On the residential front, in terms of forecasts, after a sustained growth period which started in March 2009, the mainstream housing market has now caught up with levels last seen in September 2008.
“We anticipate that residential prices will soften into 2010 and this could be a very good time for MENA investors to take advantage of lower prices without robust competition, although supply will increase from 2009 levels it may remain weak comparative to the market highs and thus prove challenging to find the right property without local knowledge and local know how,” added Angel.

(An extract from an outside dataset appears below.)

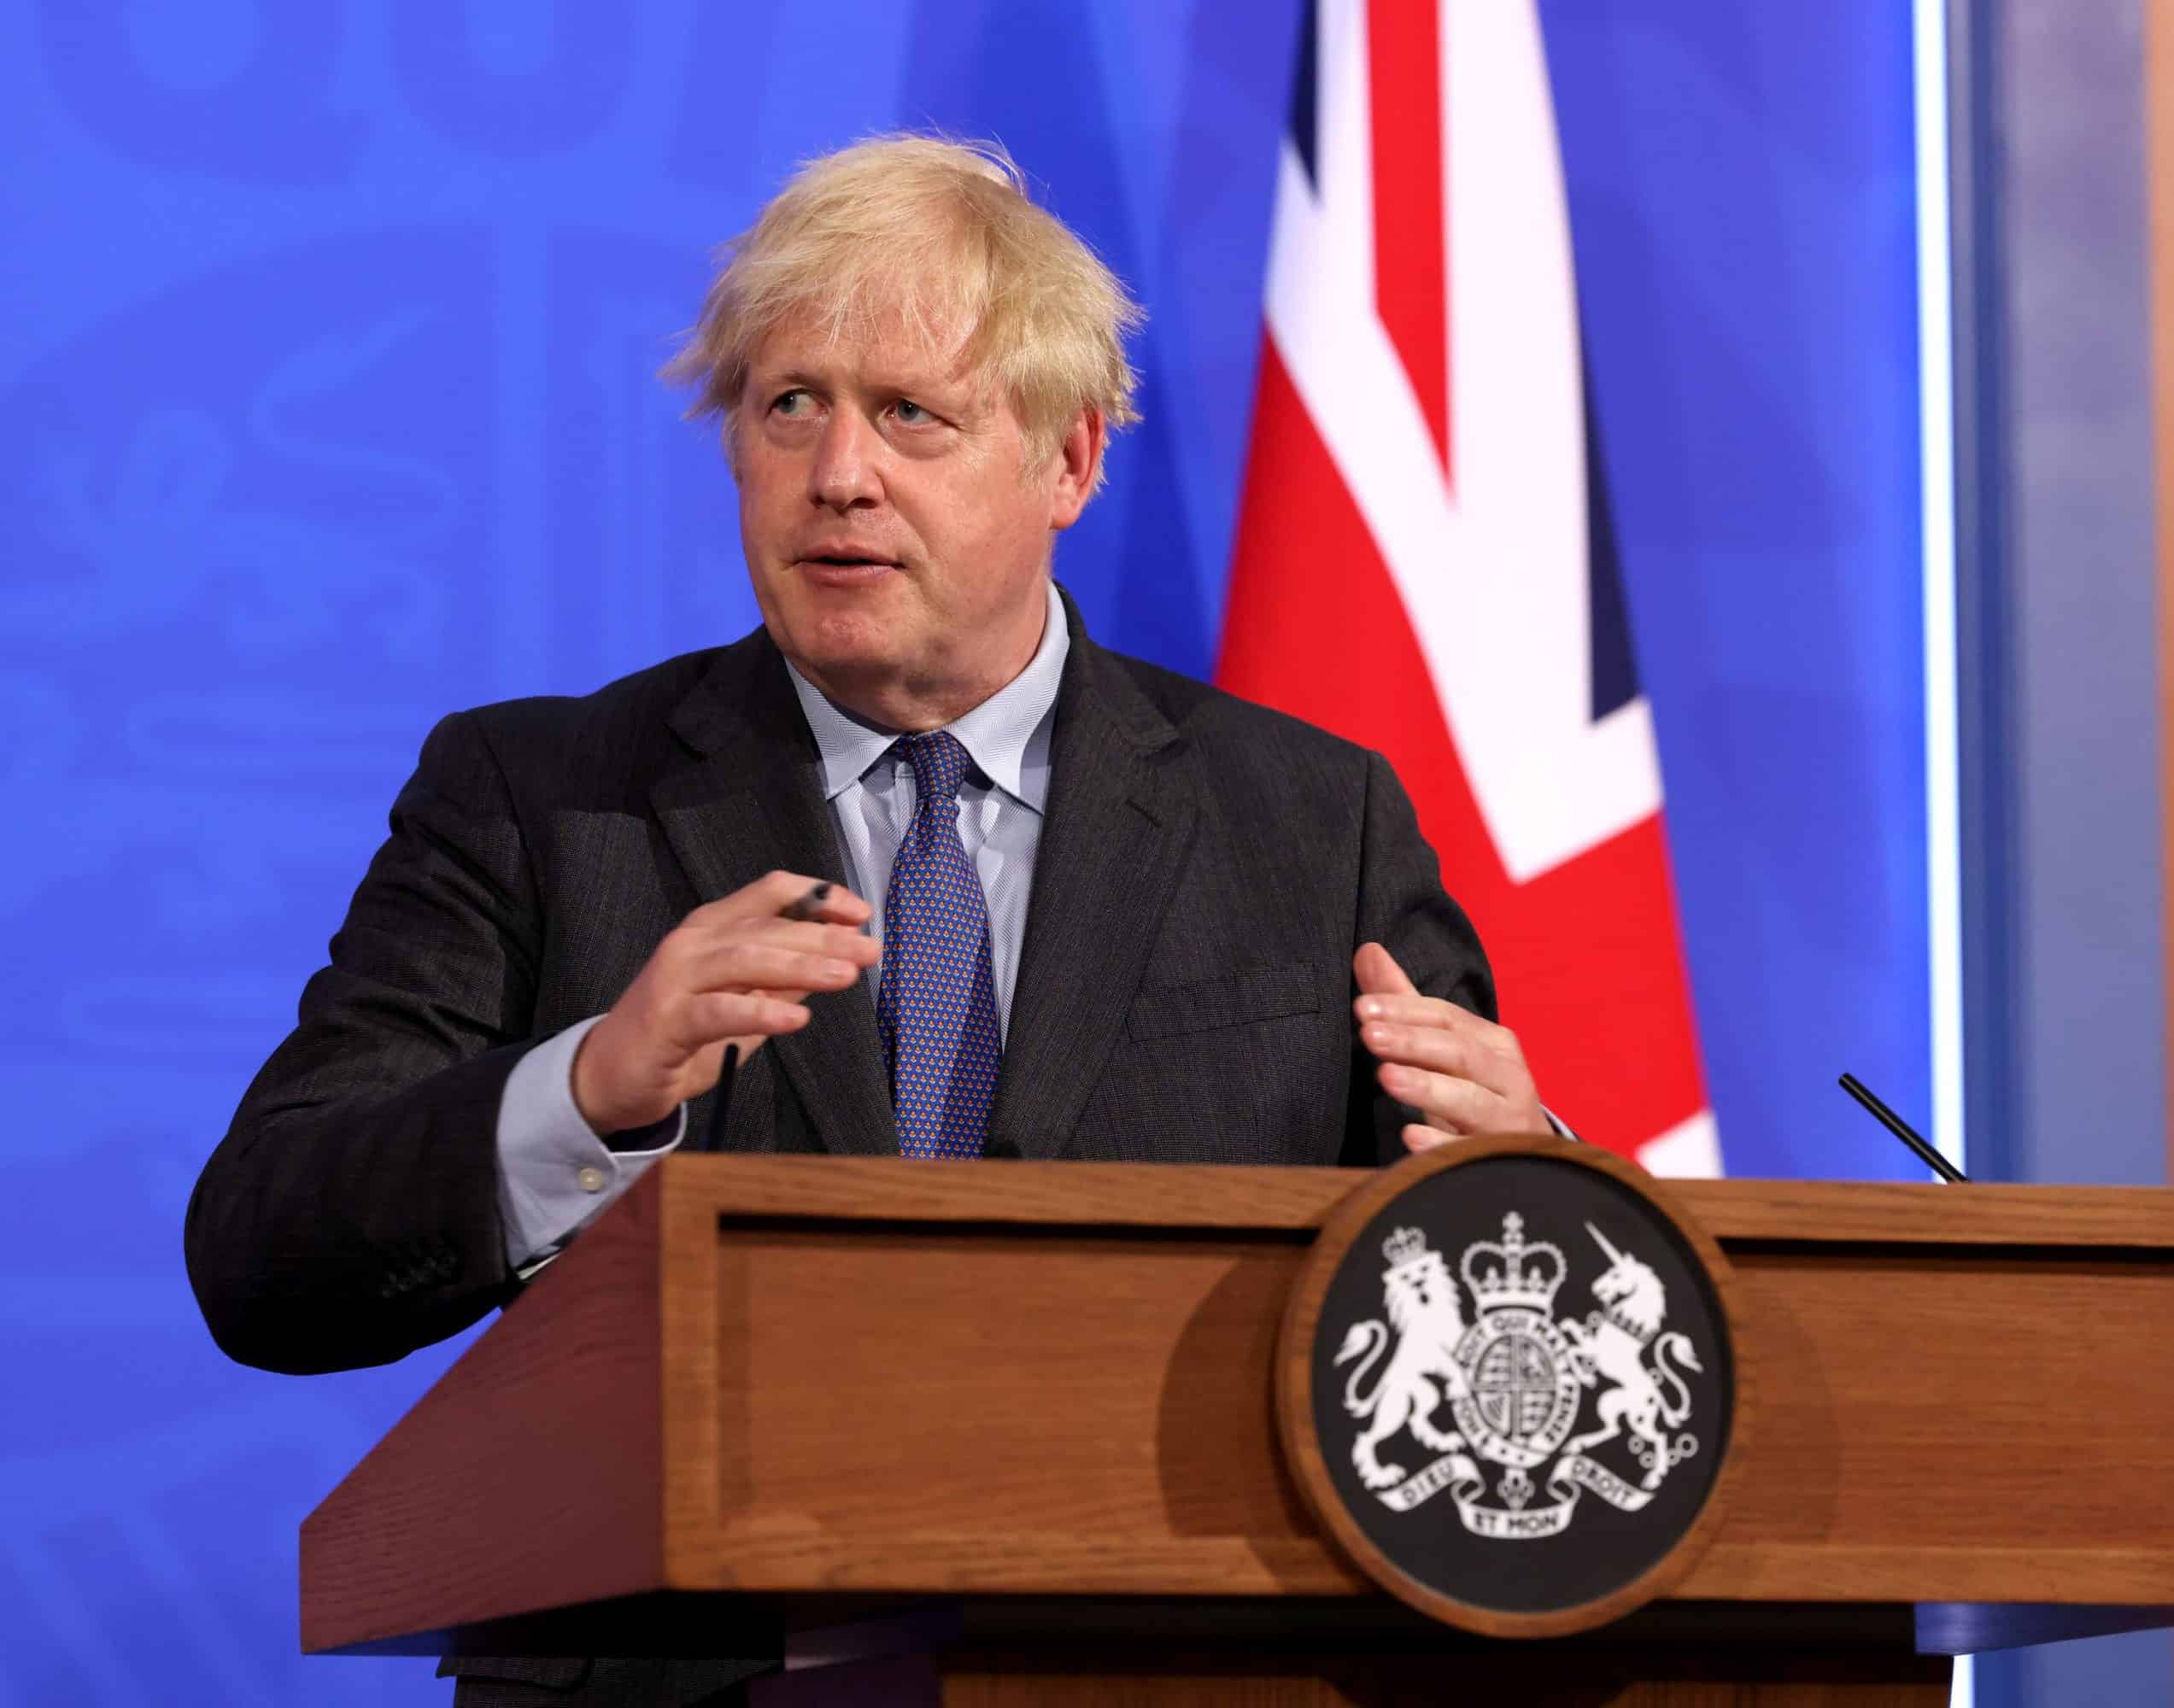 ‘This isn’t even real words’: Reaction to Johnson’s bumbling press conference

South-west London led the way with third quarter growth comparable to that recorded during the market peak in the second quarter of 2007. During the third quarter of 2009, prime property prices in areas such as Fulham, Clapham, Wandsworth and Richmond, rose by an average of 8.4% following growth of 6.4% during the previous quarter.
“The prime London suburbs and prime townhouse markets outside of the capital have shown the strongest growth. High levels of demand for family housing have driven up values in these equity-rich prime – rather than ultra-prime – markets,” says the report.
Over the next five years, three potential scenarios for the UK residential market are analysed in the report, taking into consideration certain influences such as mortgage affordability, supply and demand, the economic outlook, weak sterling and market sentiment.
With the highest probability rating of 50%, the report forecasts that equity rich buyers could be eroded from now on and through well into 2010, as supply increases, sentiment wanes, economic growth weakens and prices soften.
“Prices during this period are expected to fall no lower than previous recent lows cushioned by current levels of affordability in a low interest environment. A gradual return to house price growth is expected as economic growth is restored, causing unemployment to fall from 2011 and mortgage markets ease meaning that base rate increases are mitigated by falls in borrowers margins,” the report concludes.